• **ABOUT THIS EXERCISE**: Scan the material for the word "Stock", and copy each line where it shows up.

• • • •

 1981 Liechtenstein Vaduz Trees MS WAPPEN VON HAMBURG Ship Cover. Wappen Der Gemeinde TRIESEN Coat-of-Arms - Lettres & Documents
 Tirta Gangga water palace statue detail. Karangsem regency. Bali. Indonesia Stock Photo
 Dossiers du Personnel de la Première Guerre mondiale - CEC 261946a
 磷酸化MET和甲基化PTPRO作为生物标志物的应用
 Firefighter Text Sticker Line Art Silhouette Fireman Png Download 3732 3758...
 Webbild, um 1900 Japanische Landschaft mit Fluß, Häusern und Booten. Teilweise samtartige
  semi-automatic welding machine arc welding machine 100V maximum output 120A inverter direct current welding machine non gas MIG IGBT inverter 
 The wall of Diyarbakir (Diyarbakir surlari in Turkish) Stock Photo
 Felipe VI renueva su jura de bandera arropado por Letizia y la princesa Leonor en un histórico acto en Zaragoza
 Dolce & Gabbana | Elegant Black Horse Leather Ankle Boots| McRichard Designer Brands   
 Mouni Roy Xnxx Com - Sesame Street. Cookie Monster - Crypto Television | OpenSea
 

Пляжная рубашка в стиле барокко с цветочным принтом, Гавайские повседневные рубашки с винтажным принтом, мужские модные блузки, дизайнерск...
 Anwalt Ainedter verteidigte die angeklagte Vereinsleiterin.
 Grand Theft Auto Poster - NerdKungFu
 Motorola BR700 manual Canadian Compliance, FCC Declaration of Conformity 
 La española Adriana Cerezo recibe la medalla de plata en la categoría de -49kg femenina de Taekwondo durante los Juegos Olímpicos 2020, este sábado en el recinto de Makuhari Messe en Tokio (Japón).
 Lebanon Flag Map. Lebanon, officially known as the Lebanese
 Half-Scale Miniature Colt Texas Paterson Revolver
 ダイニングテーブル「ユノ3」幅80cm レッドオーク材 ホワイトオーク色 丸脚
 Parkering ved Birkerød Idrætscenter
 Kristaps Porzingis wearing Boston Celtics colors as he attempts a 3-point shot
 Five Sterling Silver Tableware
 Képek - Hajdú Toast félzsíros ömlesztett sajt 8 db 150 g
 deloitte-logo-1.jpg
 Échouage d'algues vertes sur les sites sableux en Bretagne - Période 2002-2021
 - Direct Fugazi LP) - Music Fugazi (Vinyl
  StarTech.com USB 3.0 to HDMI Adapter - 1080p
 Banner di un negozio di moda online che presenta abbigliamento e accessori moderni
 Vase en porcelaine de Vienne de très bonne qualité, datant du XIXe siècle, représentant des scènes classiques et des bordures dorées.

• • • •

• **SOLUTION FOR THIS TASK**:
 Tirta Gangga water palace statue detail. Karangsem regency. Bali. Indonesia Stock Photo
 The wall of Diyarbakir (Diyarbakir surlari in Turkish) Stock Photo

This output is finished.